● Problem requirements
Omit all images, then repeat exactly the lines below from the one containing "Vue du revers" through the one containing "trc_logo_gradient", both ends included.

● Data for this exercise

● ● ●

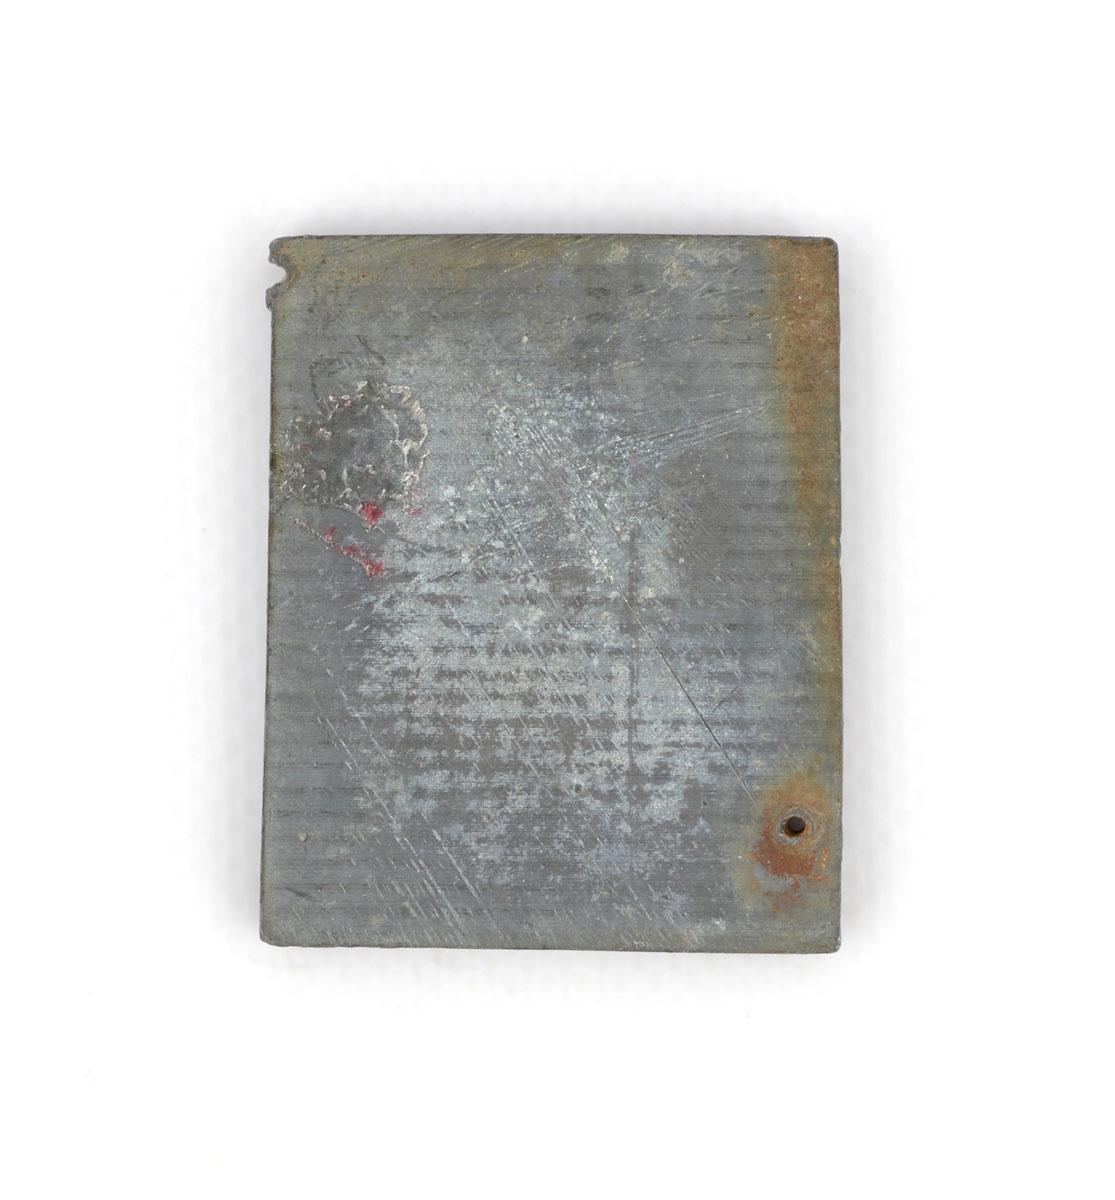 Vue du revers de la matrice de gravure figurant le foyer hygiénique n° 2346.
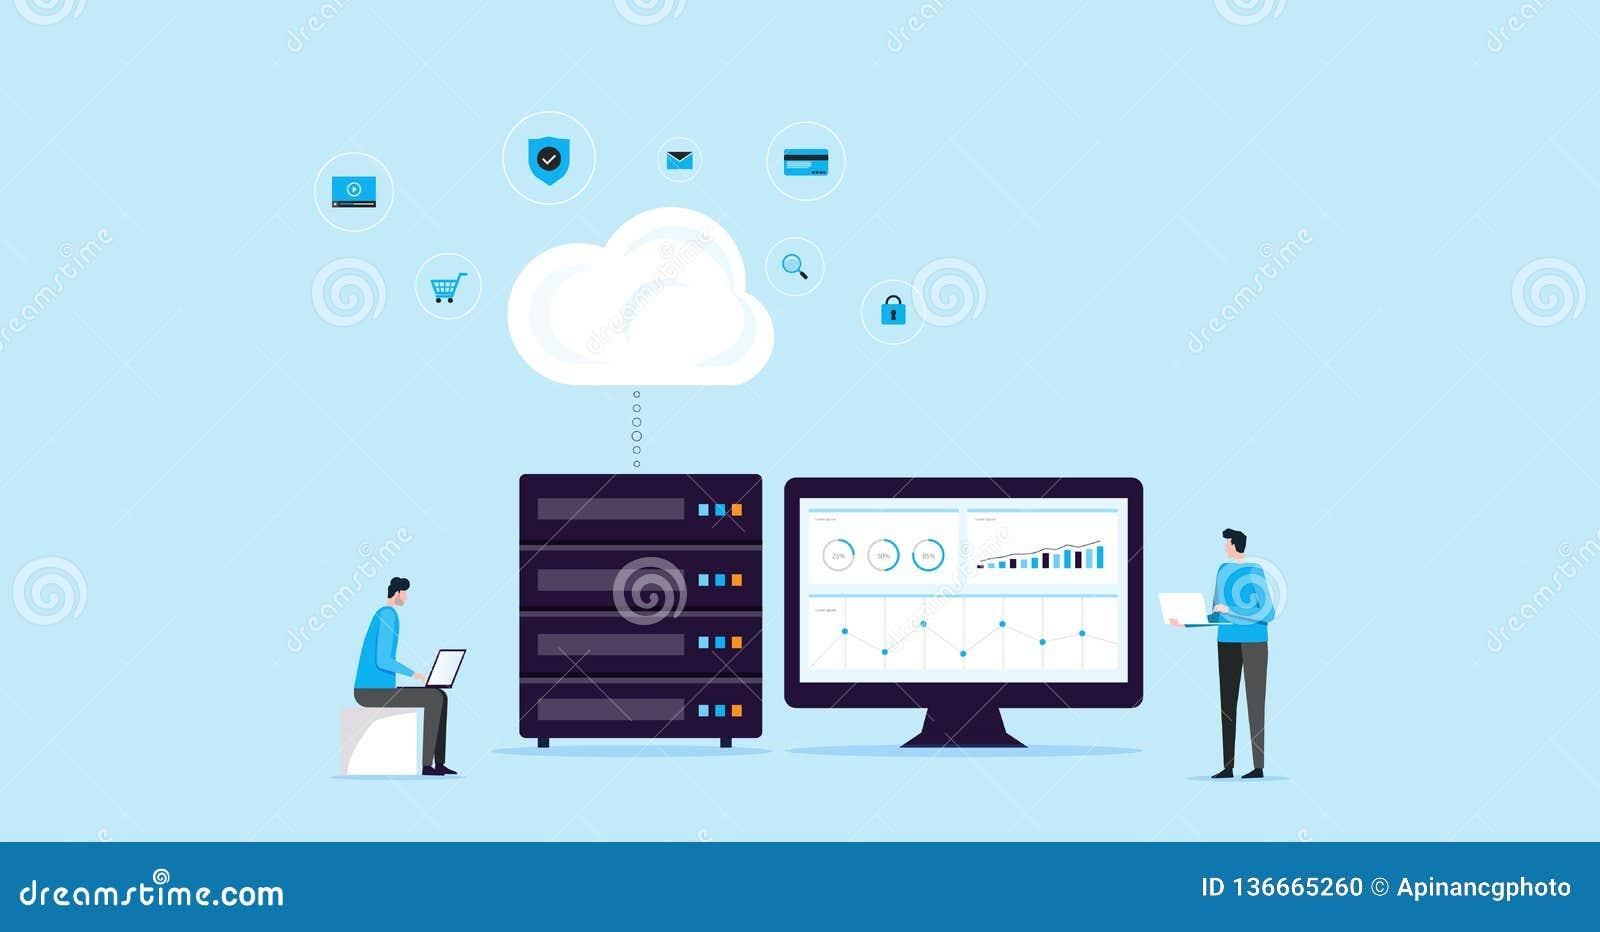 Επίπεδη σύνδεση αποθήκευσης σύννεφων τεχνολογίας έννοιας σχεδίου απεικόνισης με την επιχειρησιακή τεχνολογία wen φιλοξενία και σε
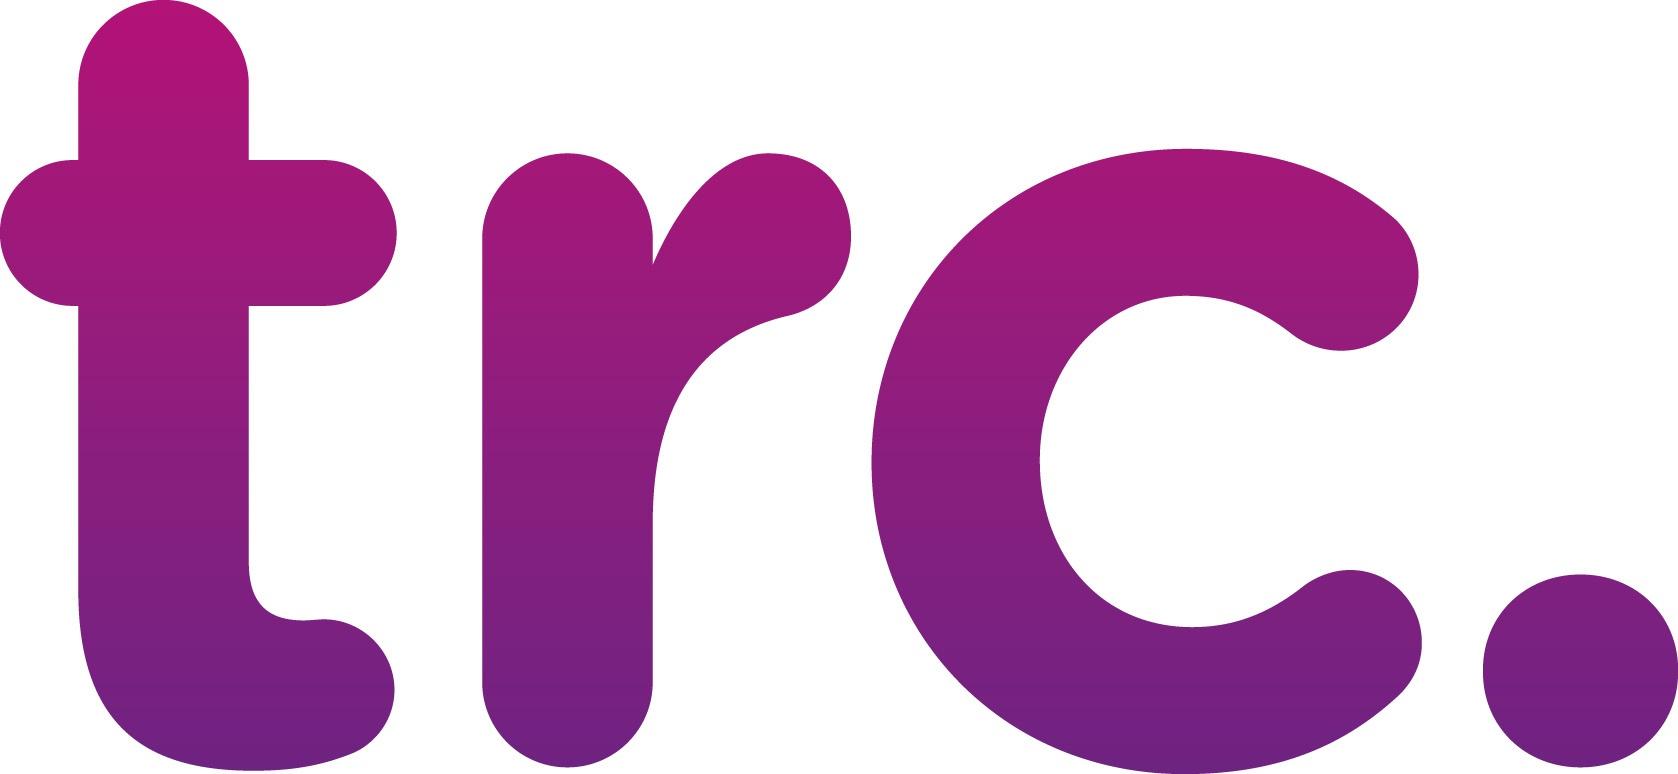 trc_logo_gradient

● ● ●

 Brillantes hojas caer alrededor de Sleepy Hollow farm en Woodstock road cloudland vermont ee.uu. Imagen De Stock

● ● ●

● Exercise solution
 Vue du revers de la matrice de gravure figurant le foyer hygiénique n° 2346.
 Επίπεδη σύνδεση αποθήκευσης σύννεφων τεχνολογίας έννοιας σχεδίου απεικόνισης με την επιχειρησιακή τεχνολογία wen φιλοξενία και σε
 trc_logo_gradient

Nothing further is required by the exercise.